- WHAT YOU NEED TO DO:
Transcribe the data underneath exactly. No images belong in your version.

- DATA BLOCK:
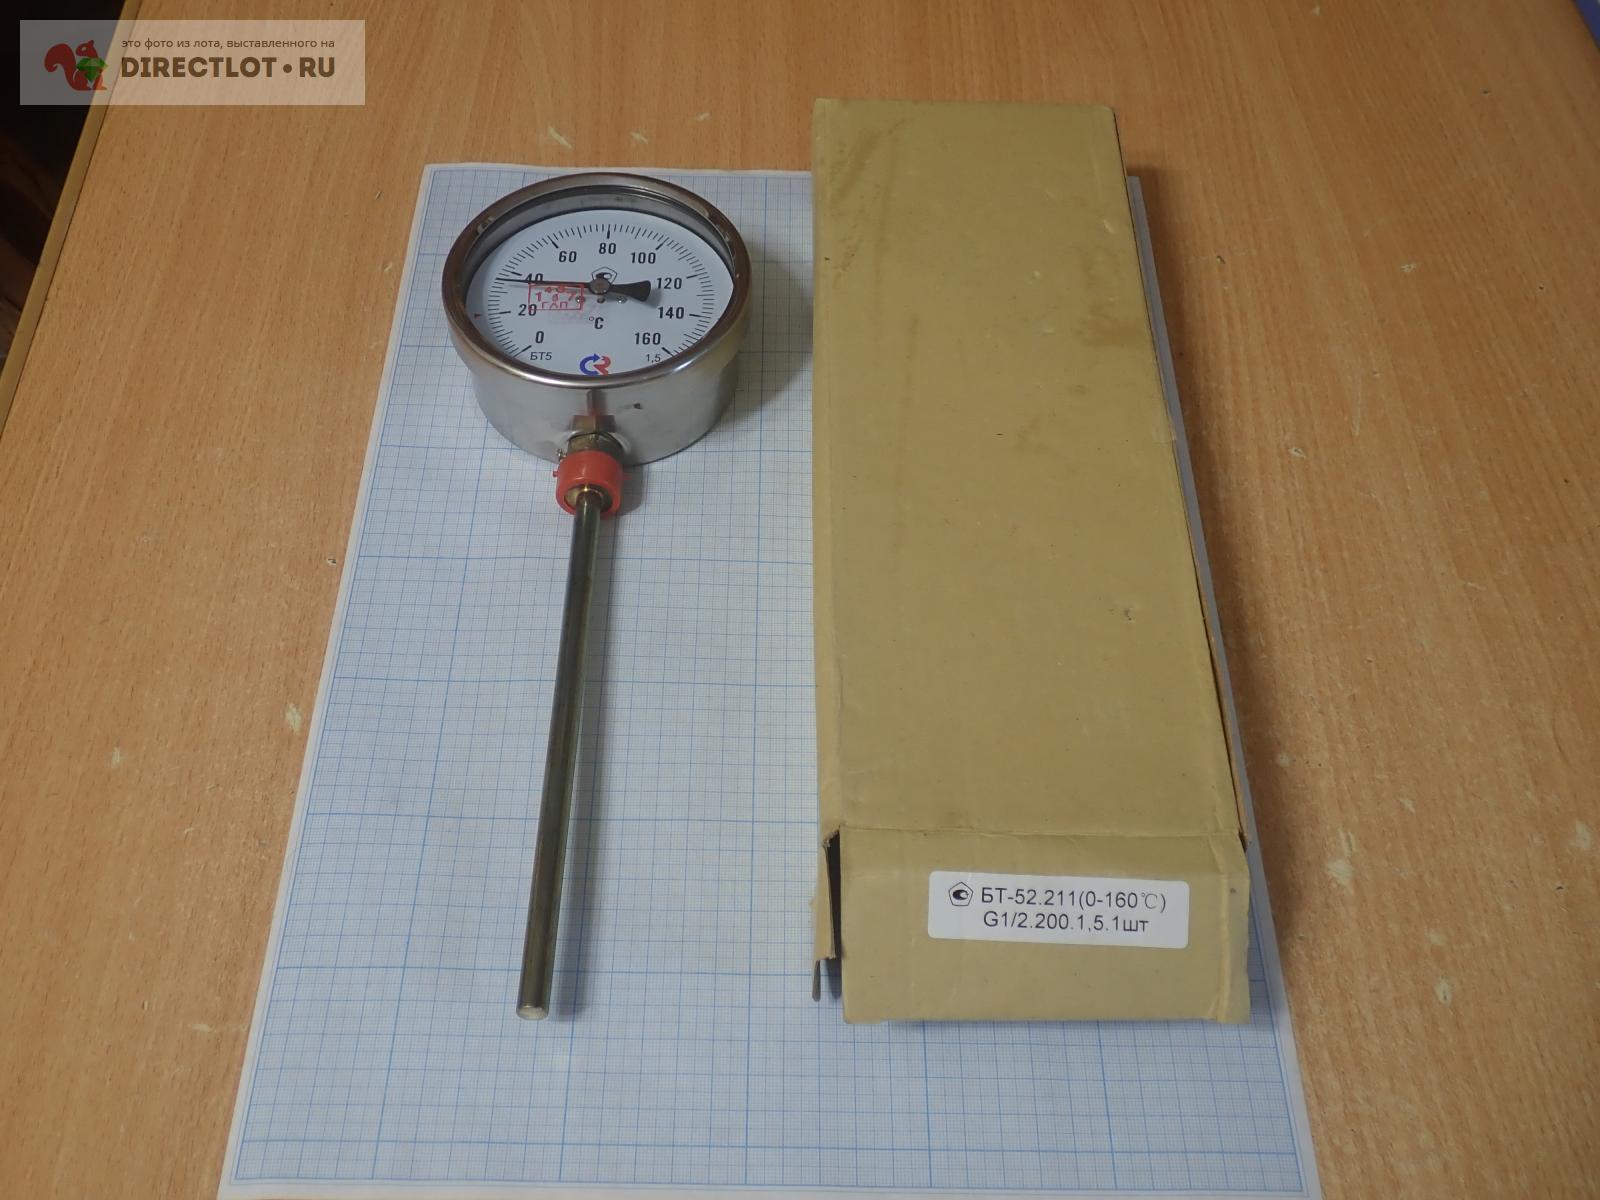 Термометр РОСМА БТ-52.211(0-160С) G1/2.200.1,5  в Воронеже цена .
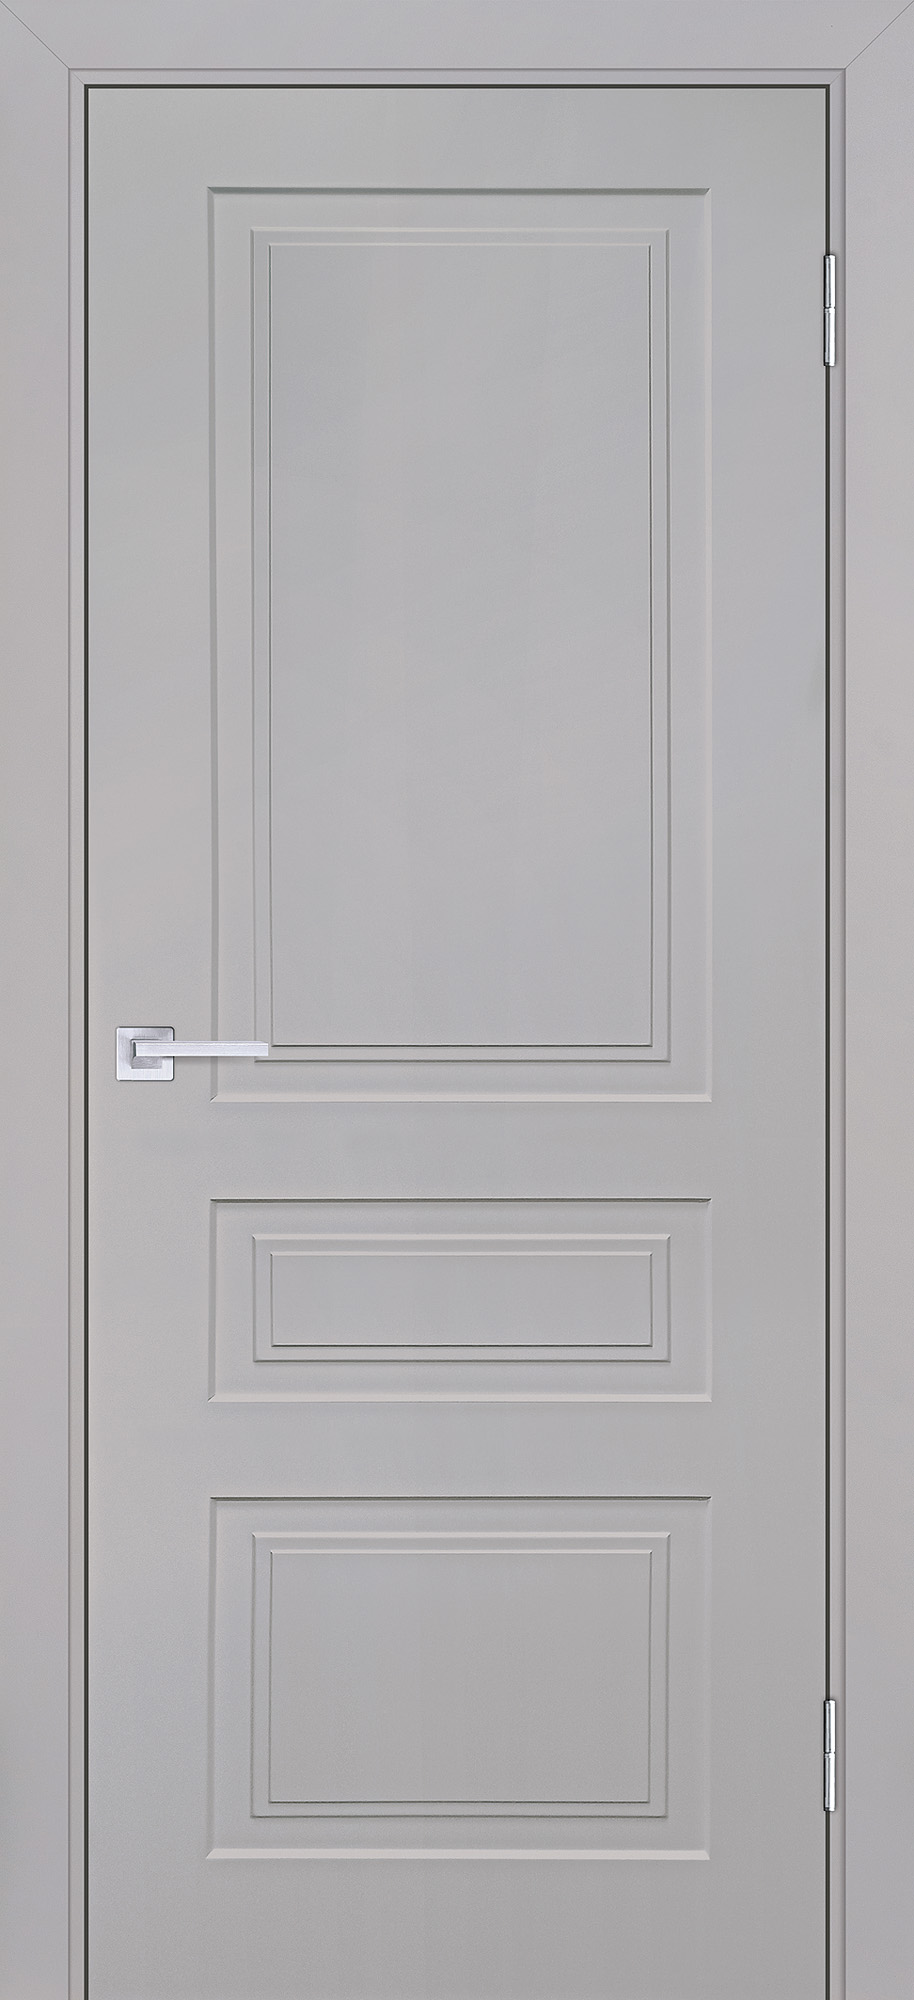 Двери крашеные (Эмаль) ТЕКОНА Смальта-Лайн 05 глухое Агат ral 7044 размер 190 х 55 см. артикул F0000093234
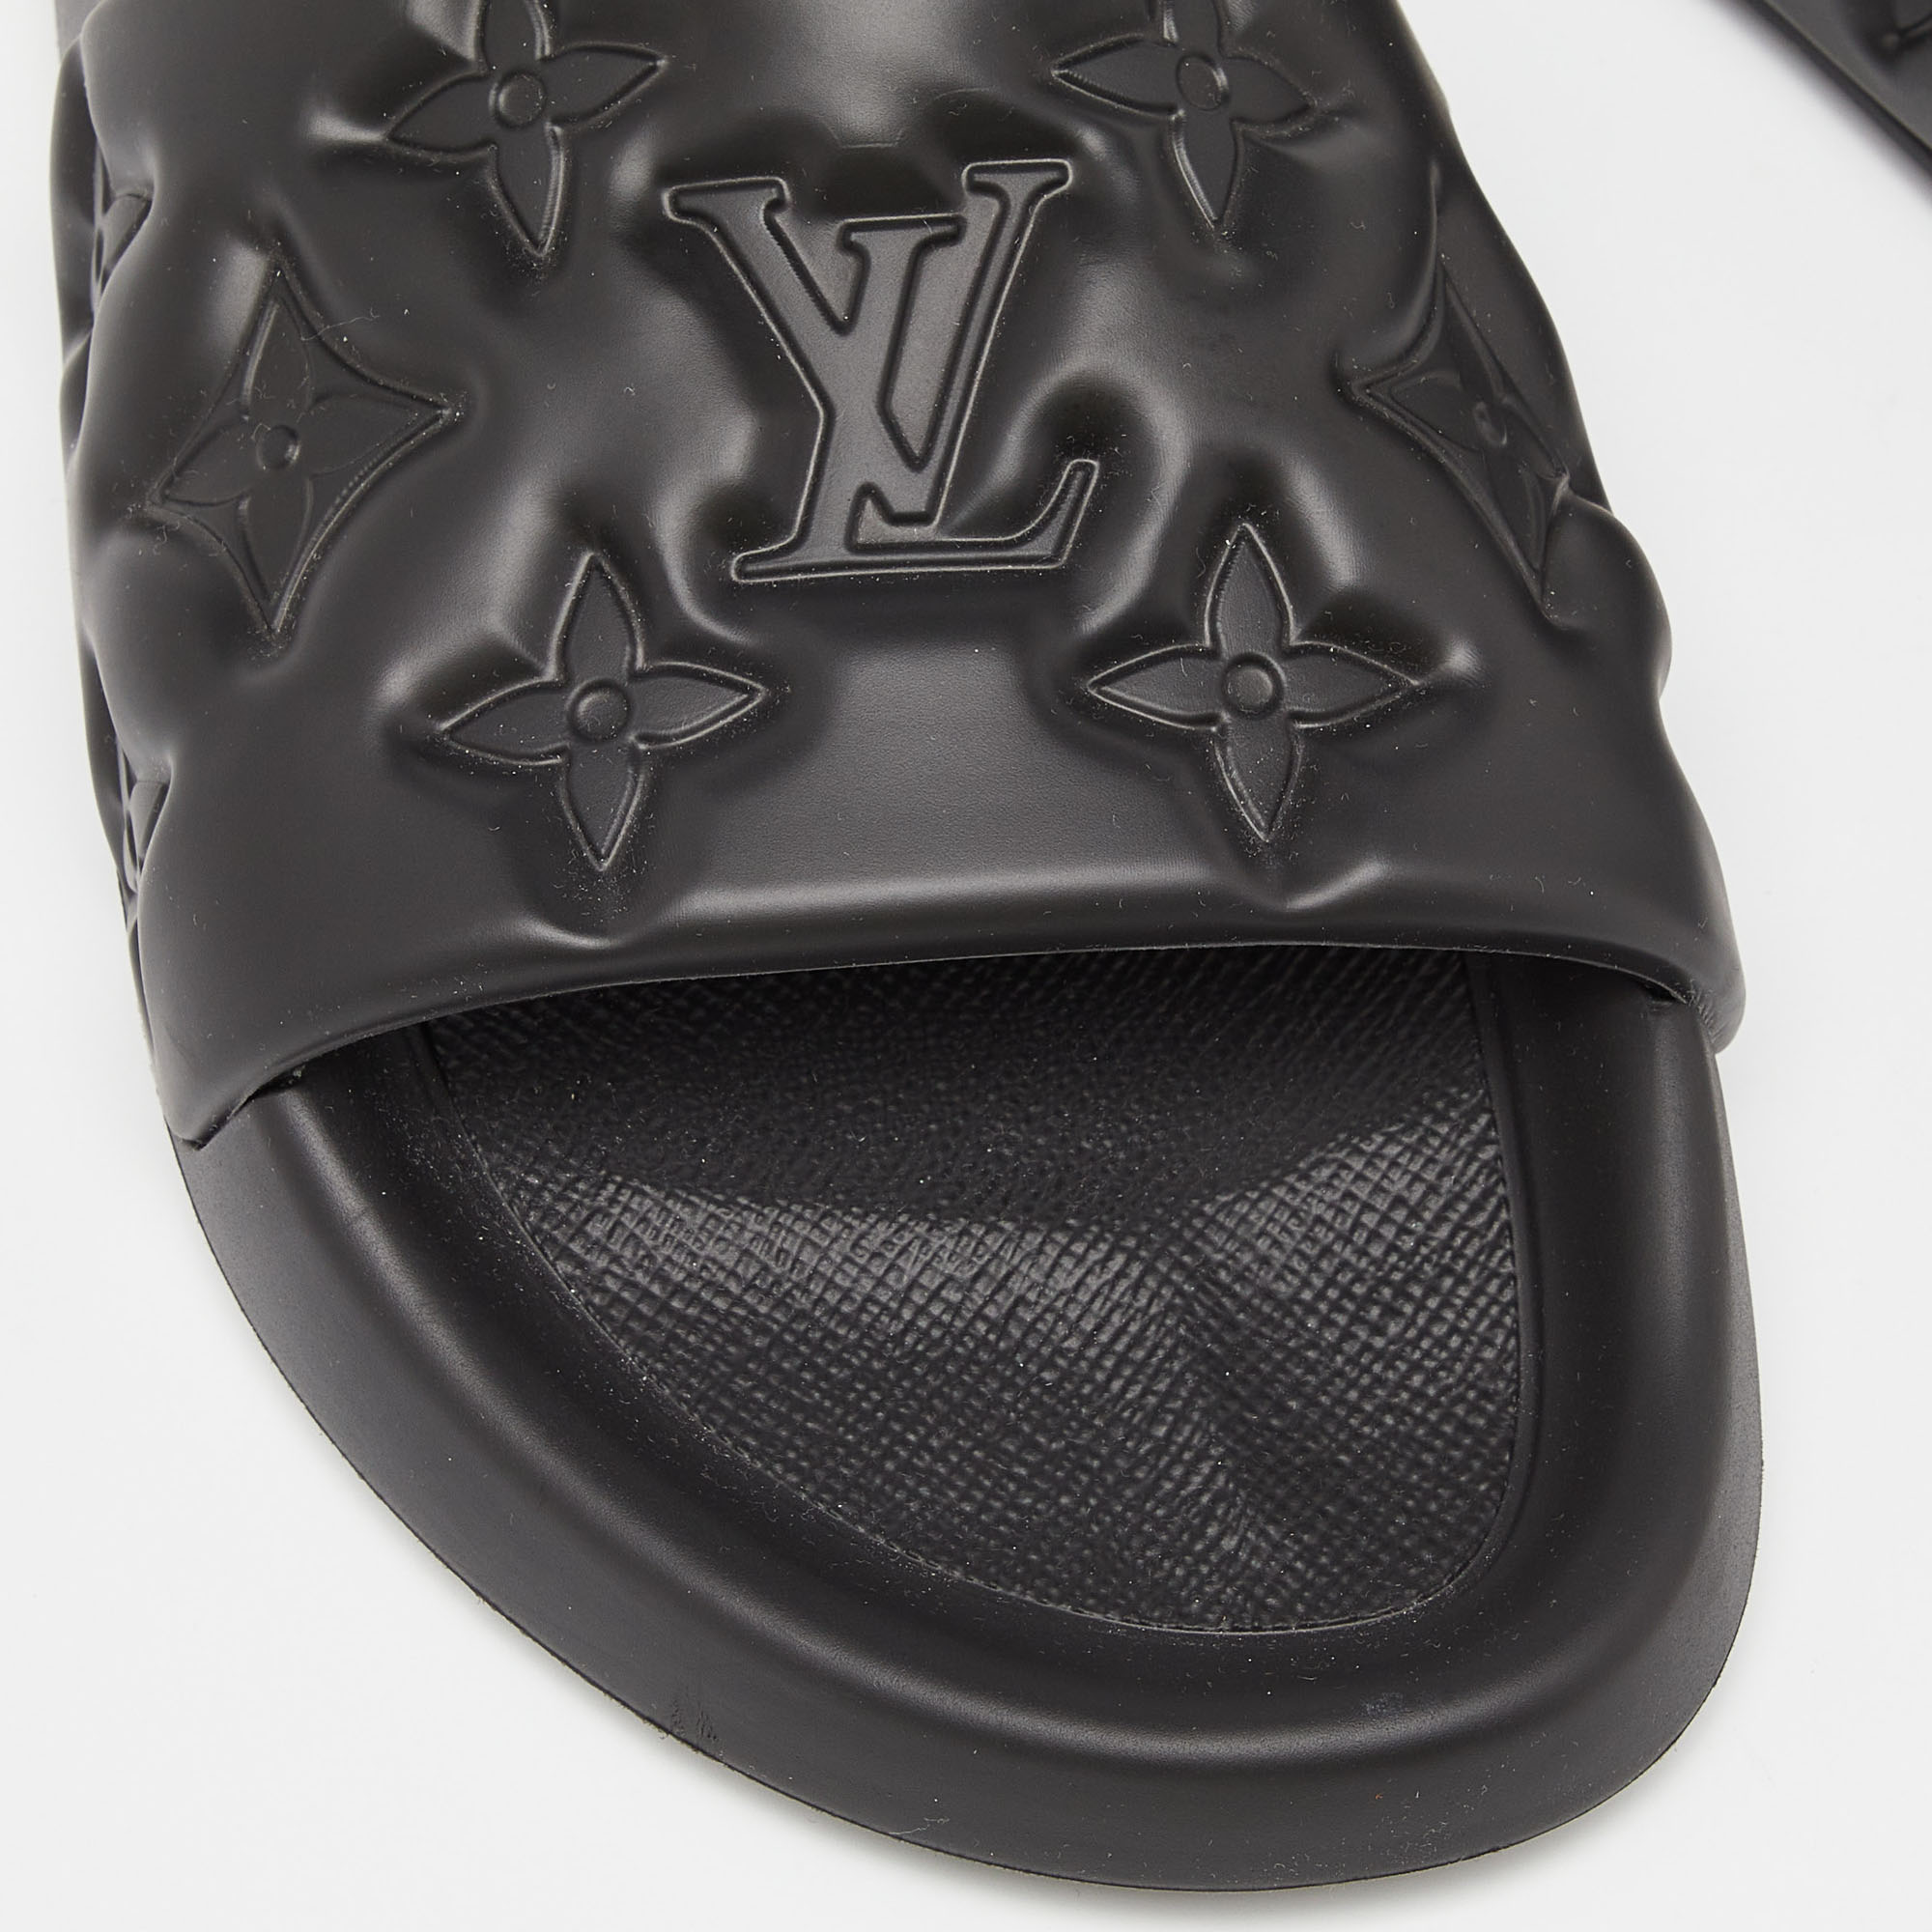 Louis Vuitton Black Monogram Rubber Waterfront Mule Sandals Size 42

- EXPECTED OUTPUT:
 Термометр РОСМА БТ-52.211(0-160С) G1/2.200.1,5  в Воронеже цена .
 Двери крашеные (Эмаль) ТЕКОНА Смальта-Лайн 05 глухое Агат ral 7044 размер 190 х 55 см. артикул F0000093234
 Louis Vuitton Black Monogram Rubber Waterfront Mule Sandals Size 42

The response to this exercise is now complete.